Anche per questo le quasi duemila pagine di questo libro finiscono per diventare qualcosa che Bene diceva di odiare, e cioè diventano pagine di Storia dell'Italia, della sua cultura e incultura, dei suoi costumi e burocratismi, e della difficoltà eterna per i veri creatori di ogni genere di sopravvivere in un paese che già secondo Leopardi era negato per la meditazione necessaria allo sviluppo della cultura autentica.

Bene mancava di rispetto ai critici? Beh, si vadano a rileggere non poche recensioni a quello che resta uno dei vertici del suo teatro, la lettura dell'Adelchi di Manzoni: e il delirio, di presuntuosa scioccaggine, lo si vedrà fra critici e recensori dai nomi allora importanti. Allora serve ripeterlo: Si può solo dire nulla non è un libro indispensabile solo per chi ama Carmelo Bene e il suo teatro totale, teatro anche quando è cinema o lettura o intervista, ma per chiunque vuole misurare tutta la pochezza in cui siamo precipitati in un rapidissimo volgere di anni, per chiunque vuole sapere di quante letture si nutra un vero artista, per chiunque vuole capire a che punto è arrivata la menzogna. Aveva visto per tempo un'Italia antropologicamente poveraccia soprattutto culturalmente, e che da tempo pratica lifting di presunto aggiornamento: ma il lifting su un corpo malato è solo il trucco che si scioglierà alle prime lacrime.
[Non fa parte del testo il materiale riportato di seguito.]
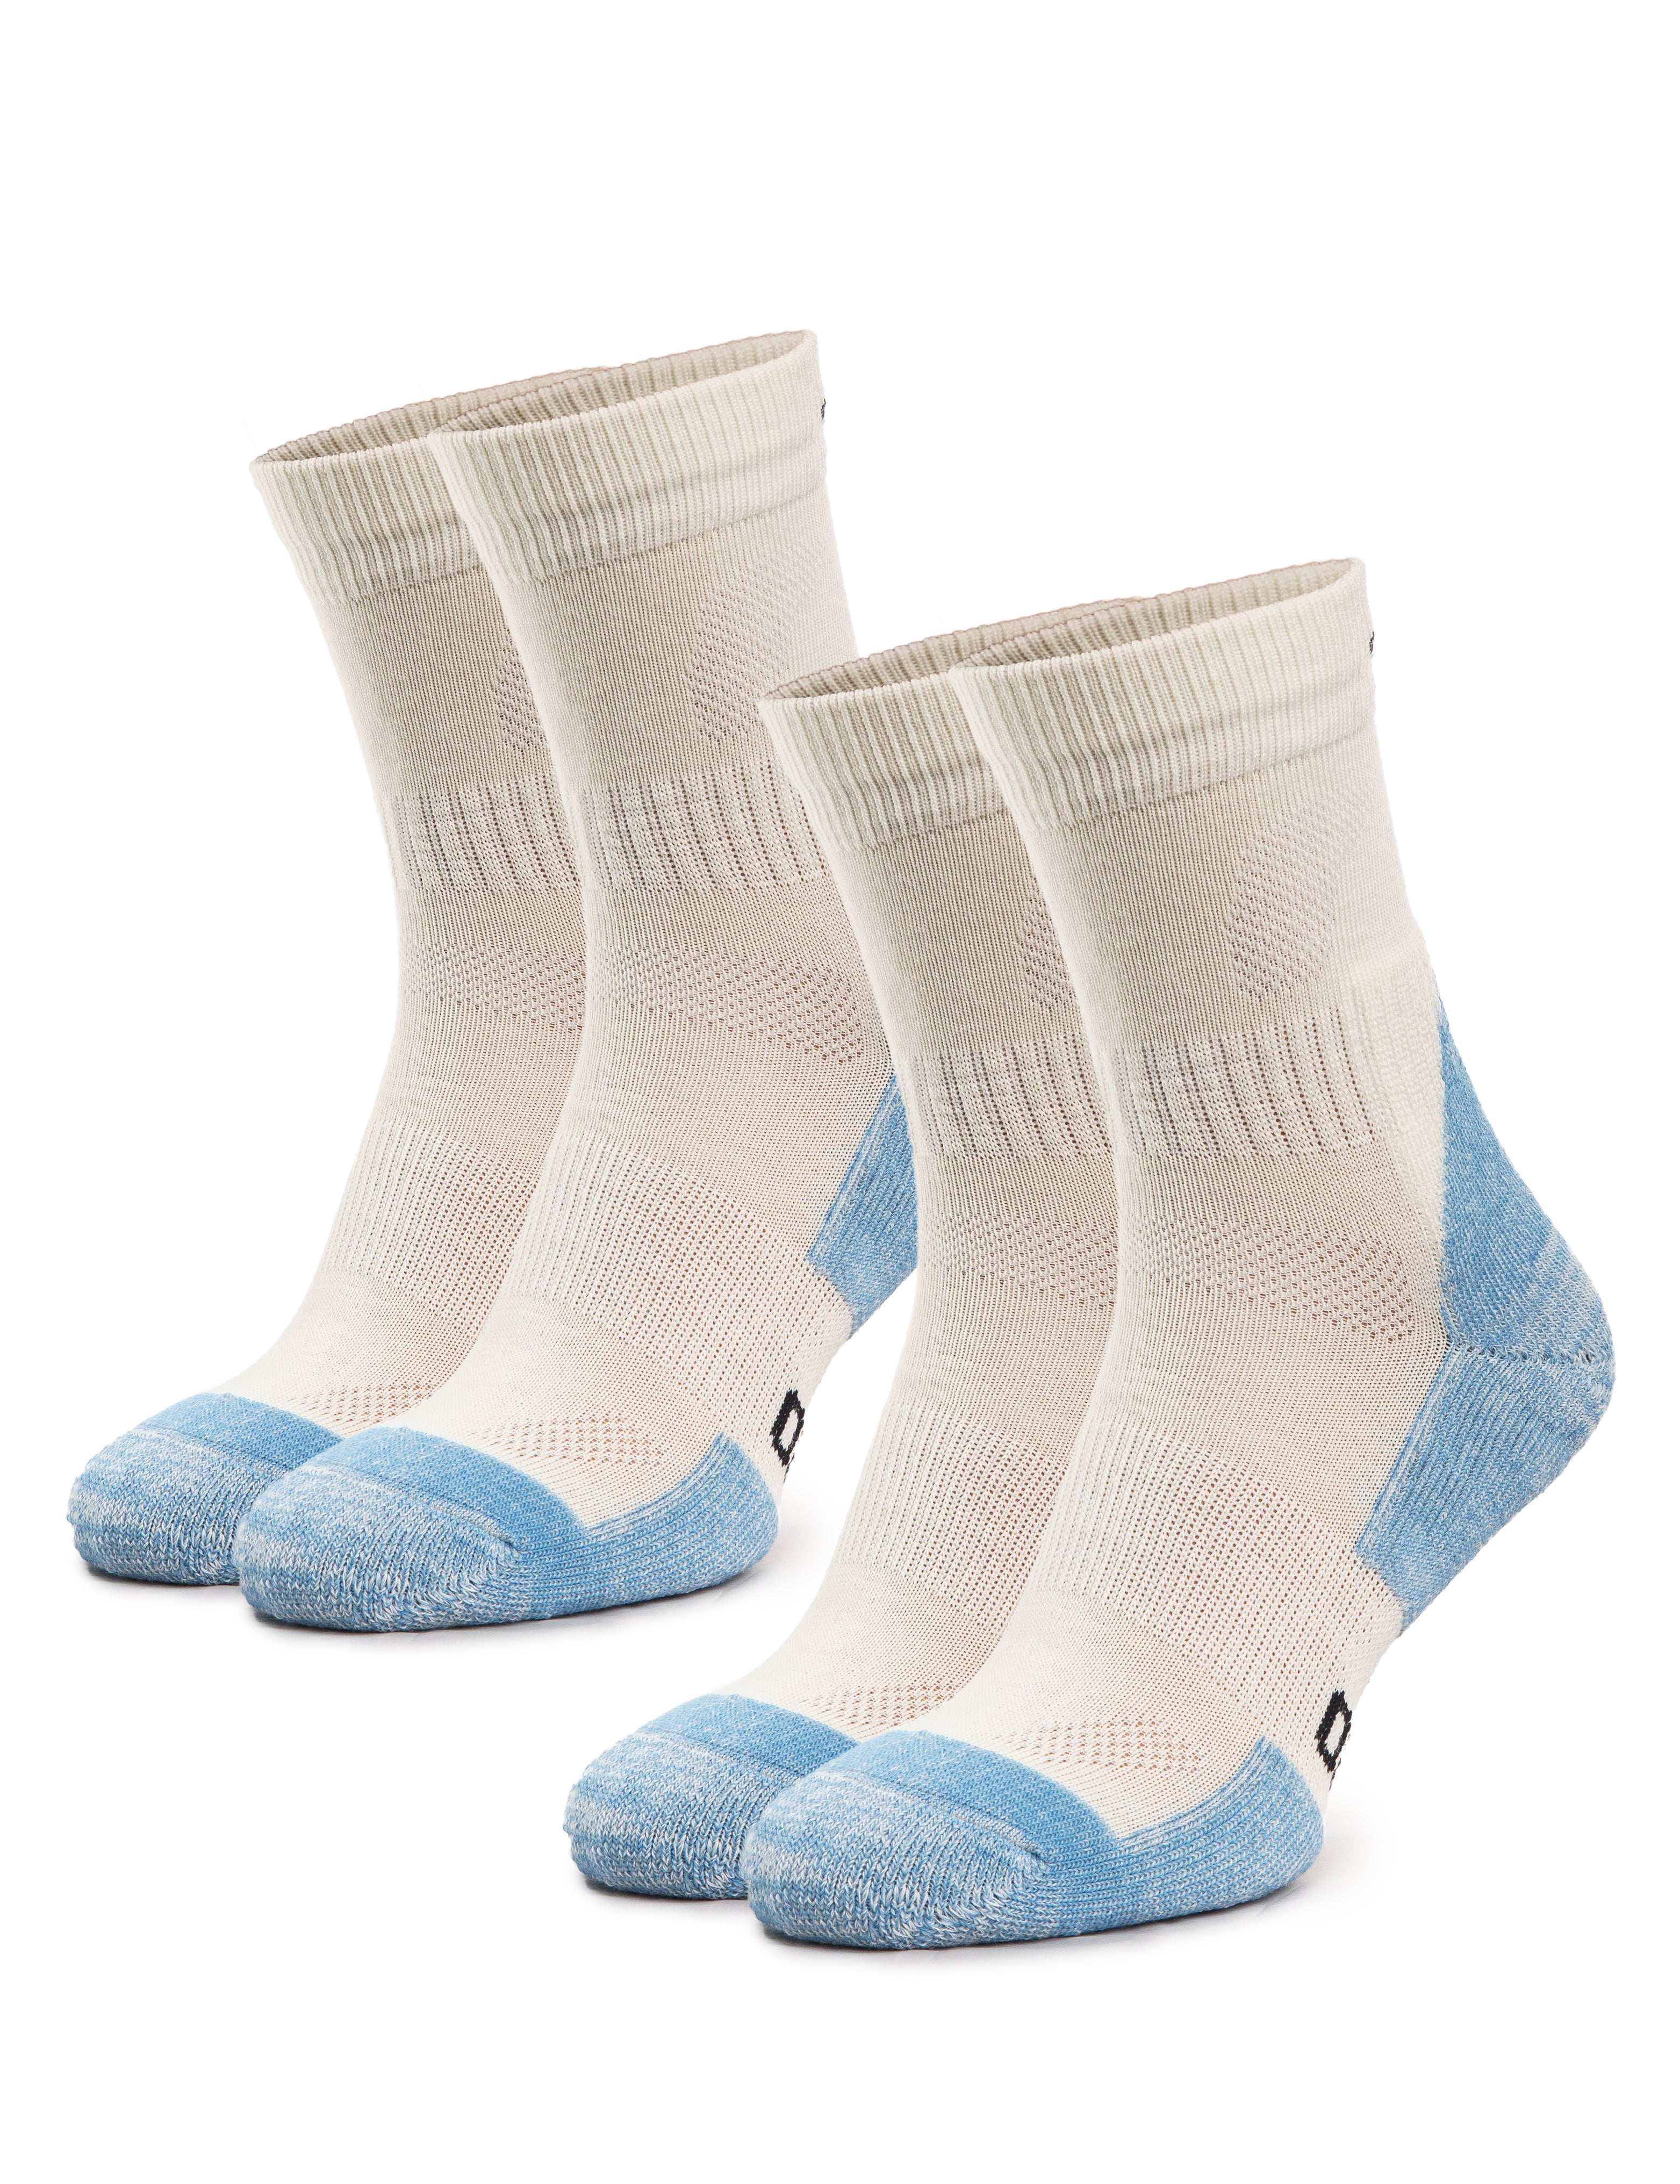 Merino Wool Hiking Socks, Pack of 2, Thermal socks

E Bene lascia, a chi vuol credere ancora, come è necessario e terribile fare, nella conoscenza attraverso l'arte, un messaggio segreto: «Può esserci tutto, nel lavoro di un'artista, purché ci si ritrovi la realtà dell'uomo. La realtà pur adombrata in mille forme: questo è ciò che conta. Tutto ciò che non è reale è volgare». Sì. Guardiamoci intorno. Ricominciamo a cercare ciò che è reale.